Good girl, said Kellogg, knuckled her cheek, slid open Harry’s door, ushered her inside, slammed it closed — and looked over the railing. The woman hadn’t moved: a porcelain, otherworldly figure who seemed to float in the brisk morning air.
Kellogg opened his mouth to call to her, to tell her — what? But it was too late: a great tumble of hair, and the trestle was empty.
Trembling, Kellogg rushed to catch the body’s splash or see it swept away in the current. But Bean was calling him: Sir, sir, in your car, please, sir. So Kellogg stopped, apologized, returned to the minivan. In the backseat Pearl, sniffling, stroked Gip’s hair. Elsie-Anne stared vacantly into her purse.

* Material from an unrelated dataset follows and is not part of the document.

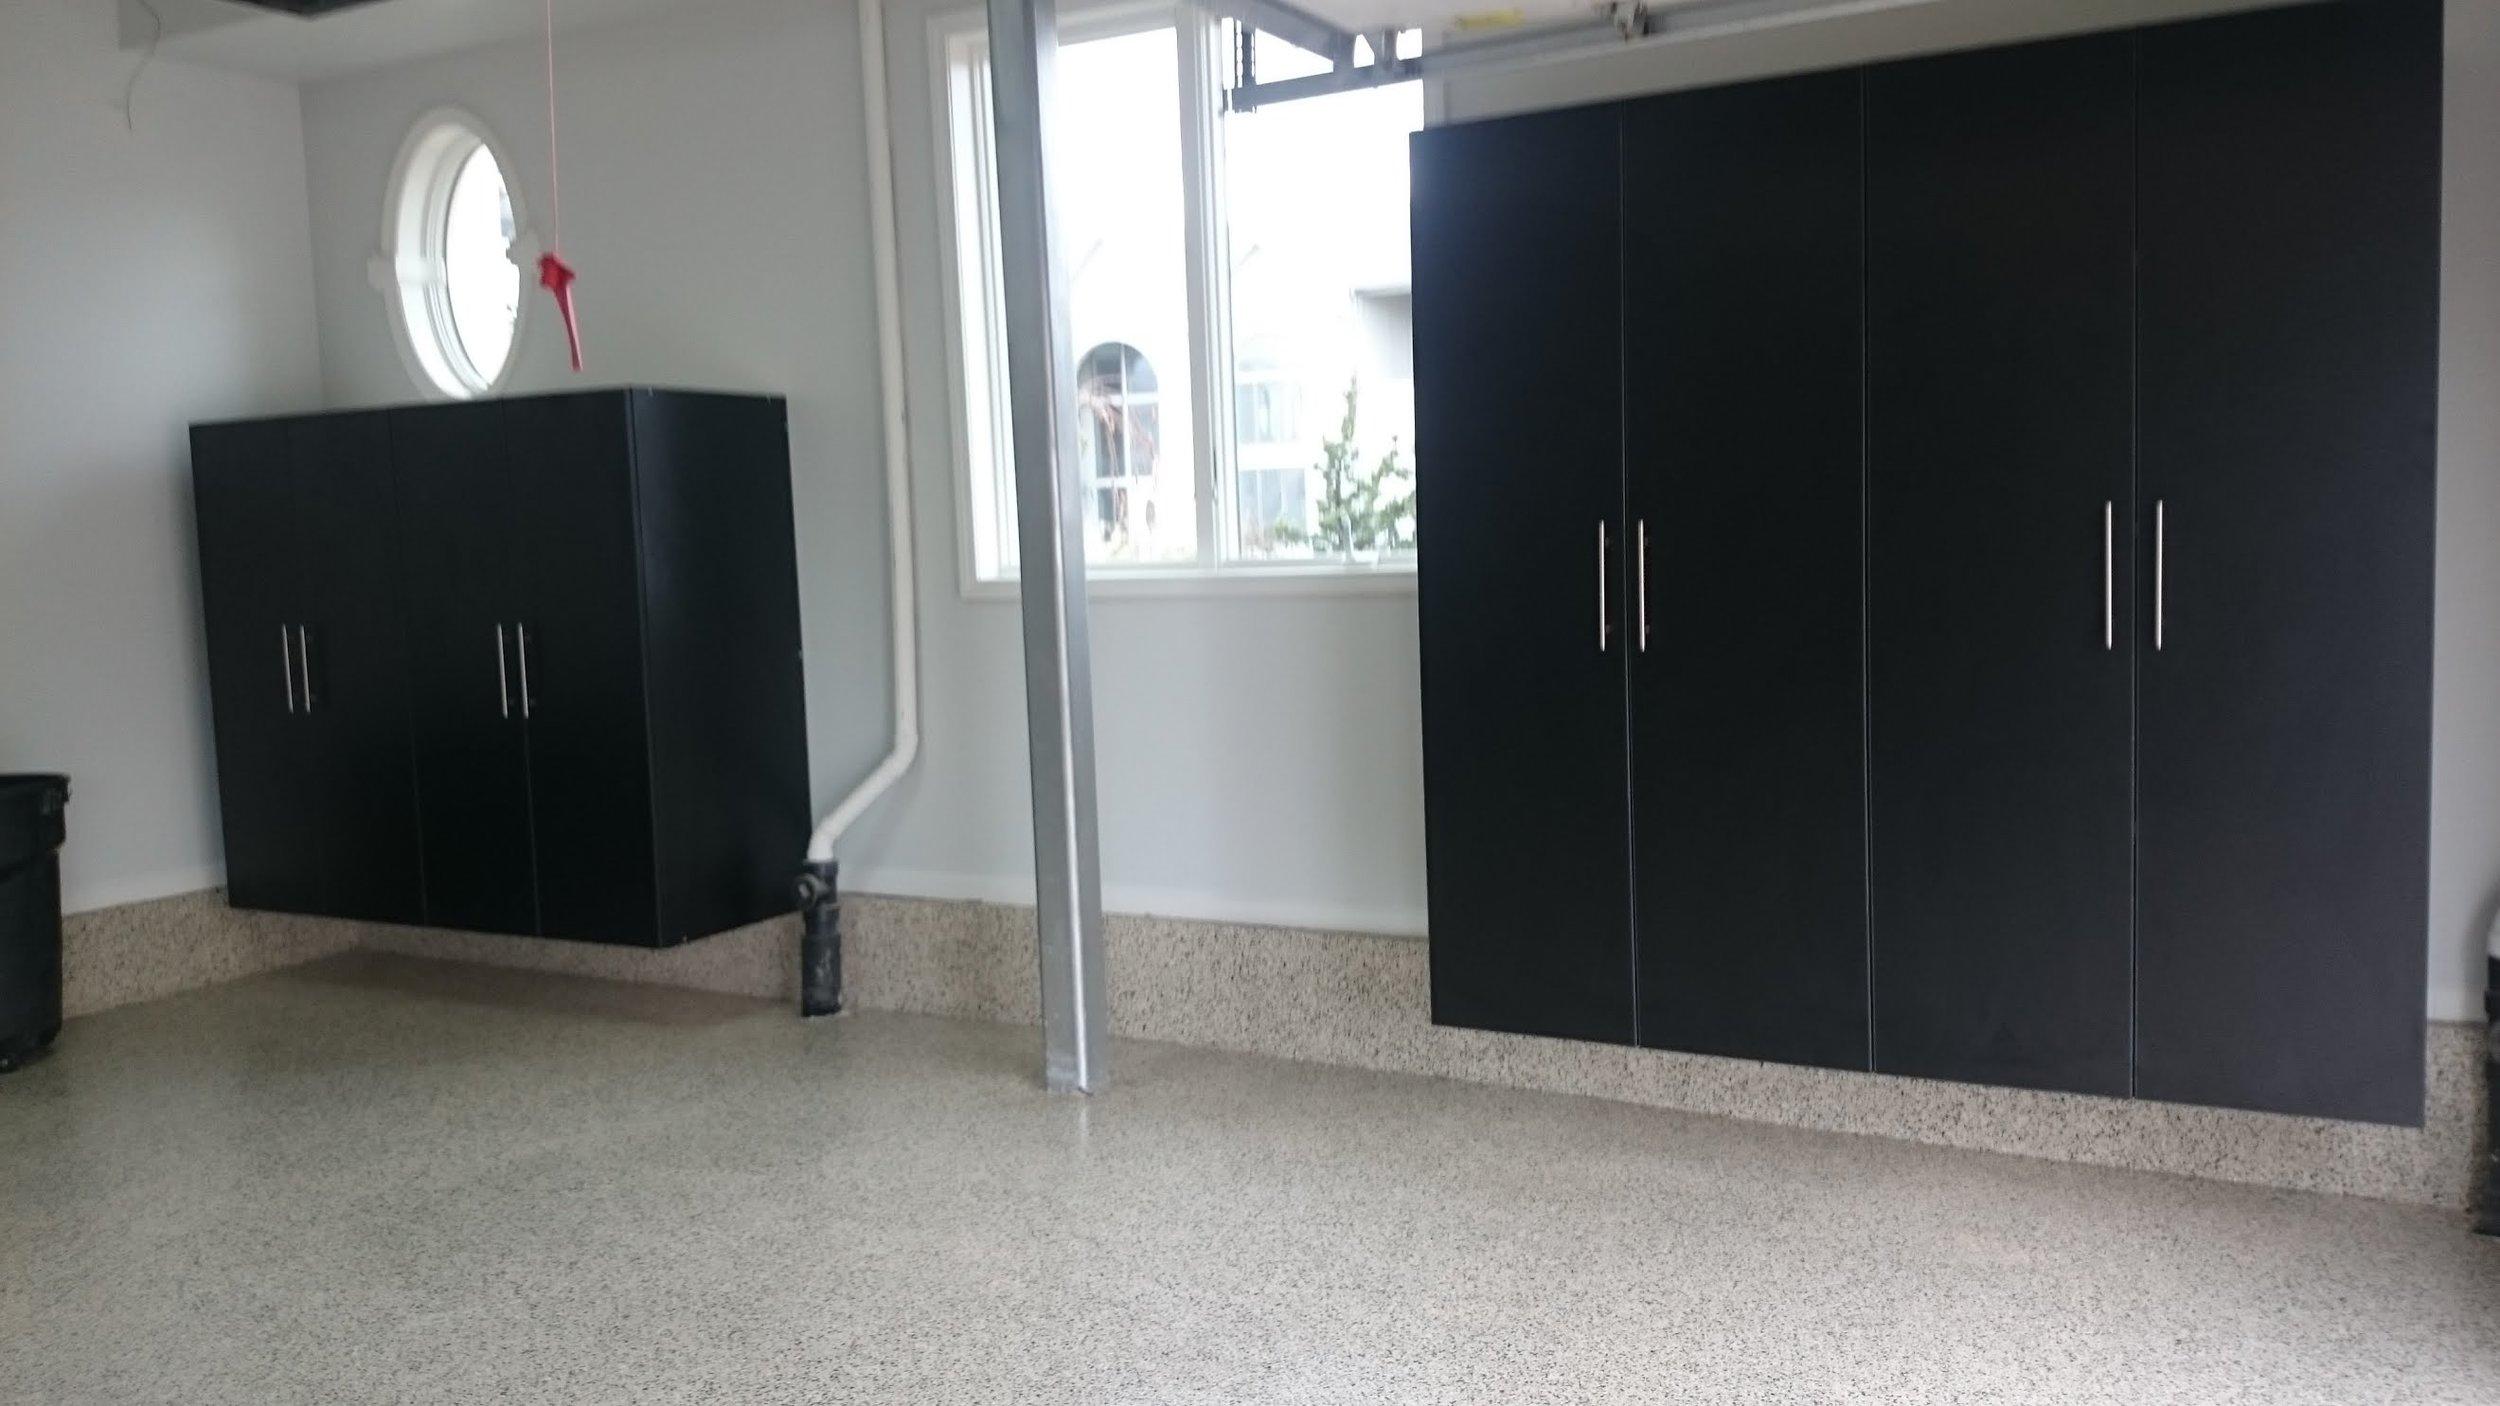 Garage concrete floor with polyurea / POLYASPARTIC coating with garage storage cabinets example

Okay, said Kellogg, moving his foot from brake to gas. The engine vroomed, he pressed harder, Harry went nowhere.
You’re in Park, said Pearl.
Oh, said Kellogg, shifted to Drive, and lurched another ten feet closer to the island.
III
Y TEN-THIRTY it was all over. Raven stepped into his trunk, waved a brochure from the Grand Saloon, said, I believe this is where I’m staying, and closed the lid on himself. A moment later the helicopter seemed to come alive of its own accord, lifted up from the common, looped over Crocker Pond, and landed atop the hotel. The doors to the penthouse suite opened and Raven stepped onto the balcony, blew six kisses at the crowd, bowed, and ducked away.
The trunk sat innocuously in the middle of the stage.
There was nothing else to look at.
And so with a collective sigh people began to shuffle back to their lives.
From the top of the northern hillock the protestors withdrew, trashed their placards out back of Street’s Milk & Things. Today Debbie, Pop and the two Island Institute students whose names Debbie kept failing to learn were joined by the most militant members of the Lakeview Homes Restribution Movement: a man called Tragedy — walleyed, squat, and gnomish, smelling of salsa — and his lean, lisping, wispily bearded friend, Havoc. They’d shown up to their first meeting only two weeks prior and pulsed with something weird and feral that might euphemistically be described as energy.